Another visual aid that helped a lot was a video. One of the ER physicians allowed me to videotape her doing an I&D on a really choice BOB (boil on butt)—with the patient’s permission, of course. It required moderately aggressive destruction of loculations and yielded about 60 cc of thick yellow pus. The health aides were squirming in their chairs while watching it, but they got the idea about getting the pus out. They really understand that that is the key, not antibiotics.
We have a LOT of boils here, and the great majority of them are methicillin-resistant Staph. aureus—the dreaded MRSA. Almost all are sensitive to trimethoprim-sulfamethoxazole (Septra, Bactrim). We only use antibiotics if the erythema (redness) is greater than 10 cm in any one direction--i.e., a cellulitis in addition to an abscess. For patients who are allergic to Septra, we use clindamycin or levofloxacin.
Teaching health aides to I&D abscesses is now a routine part of their training. For abscesses on the face, in the ear canal, or directly over a bony joint such as a knee or shoulder, the health aides still send the patient to Bethel. Or if the patient is younger than 4 years old. But many patients are now spared the expense and inconvenience of having to travel to Bethel to have a boil drained. It is one small thing that has made life easier for rural Alaskans, and I am pleased to have been a part.
Labels: Bush Medicine
9 Comments:
I hope you don't mind but I'd like to use this boils 101 workshop model for a family medicine interest group workshop at my medical school. Sounds fantastic!

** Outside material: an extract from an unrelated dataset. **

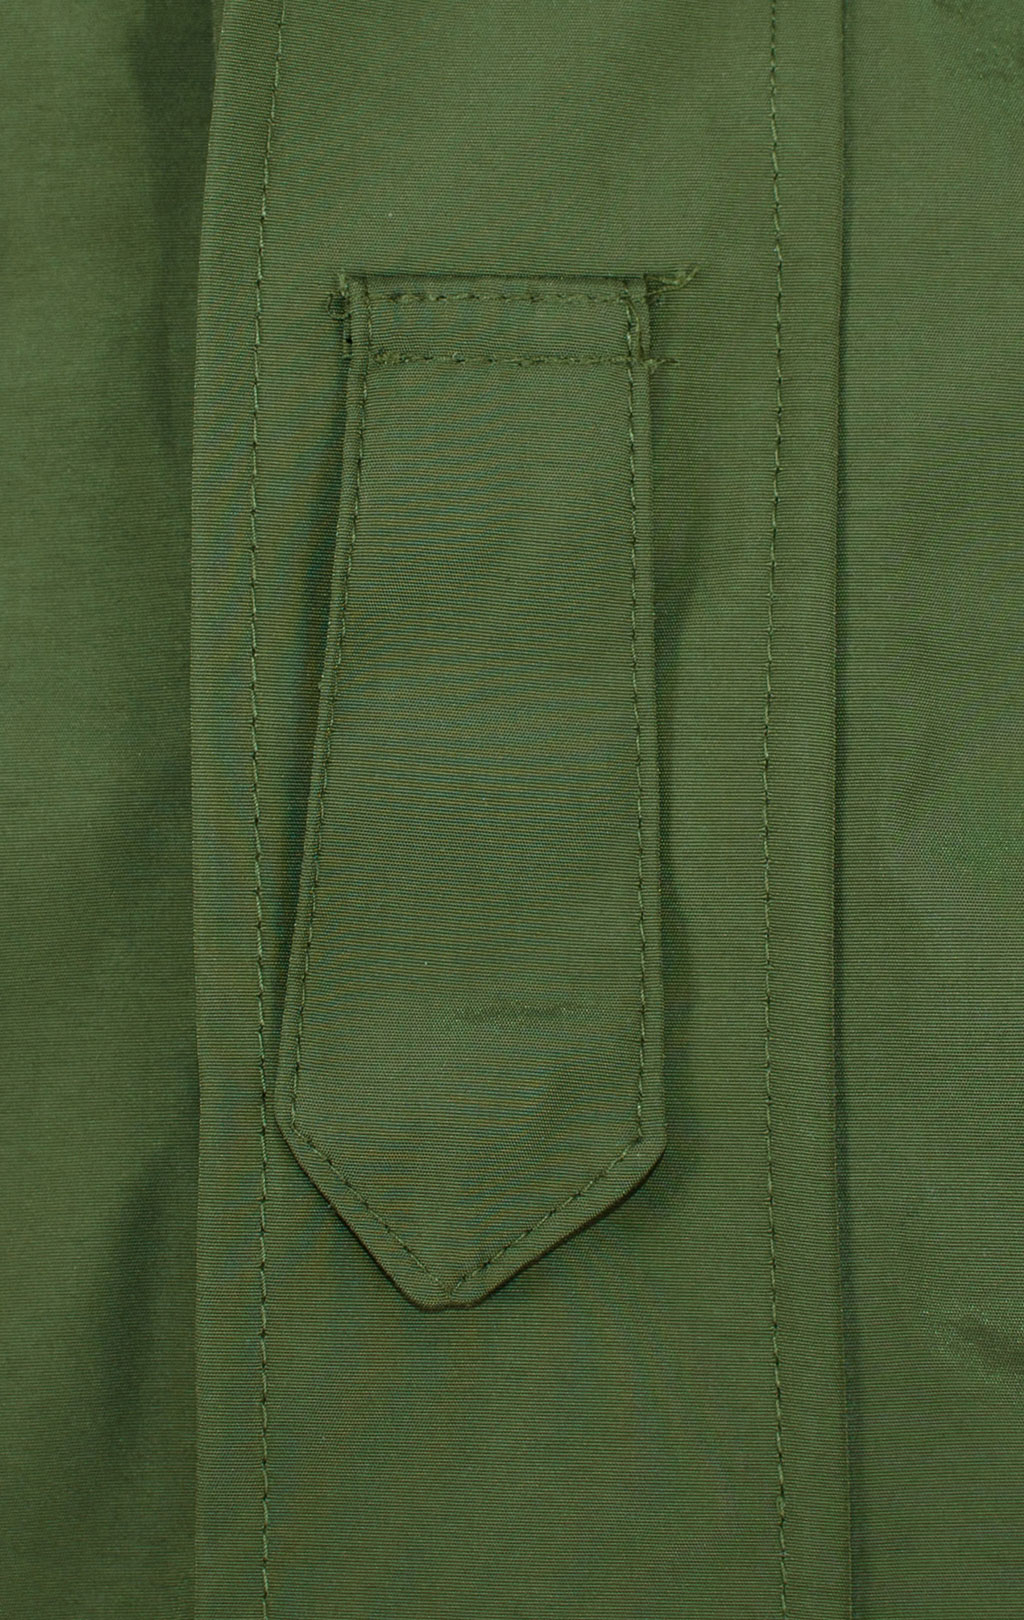 Куртка непромокаемая Mil-Tec мембрана olive

Med--that's great! Hope it works for you. If you're going to try it, there is one further detail. When you inject the air, it tends to dissect the tissues and spread out while remaining flat. To get more of a dome, take a flat piece of plastic with a half inch or bigger hole bored in it (like a drafting template). Once you advance the needle, place the hole over the needle tip. This will help to pump-up your boil rather than letting it stay wide and flat.
Let me know how it works for you!
Thanks for the tip!I'll let you know how it goes. I sent your description to a few med school friends this morning and the general consensus is that we're never going to eat lemon yogurt again :)
Great practical lesson. We used to see an entity called Seal finger which looked like a staph infection, often like a boil, but did not respond to the usual drugs only erythromycin. Do you see that in Bethel. I think the reason I didn't get it published before on your comments was because I signed as Borneo Breezes but lets see if this works. BB used to work?#
Hey BB--yes, we do see quite a bit of both Fish Finger and Seal Finger, infections resulting from cutting one's finger while skinning a seal or filleting a fish (usually salmon). I've never seen either one develop a boil, just a fat, red, warm painful "sausage" digit, often with a red streak to the wrist or higher. We treat 'em with doxycycline and warm soaks and they usually respond quickly.
Thanks for the extra effort to get a comment in! You know how much I love them...
Is there a reason there's a lot of MRSA there? That makes me curious - wouldn't have expected it.
There was a nurse practitioner who worked in the emergency room there and did a thesis on why there is so many boils there in the kuskokwim region. It studied water accesability and boils. It found that villages with better accessibility to running water had a decreased incidence of boils as oppossed to villages that did not have running water (i.e. villages that relied on steam baths for their hygeine). It was interesting for a thesis report.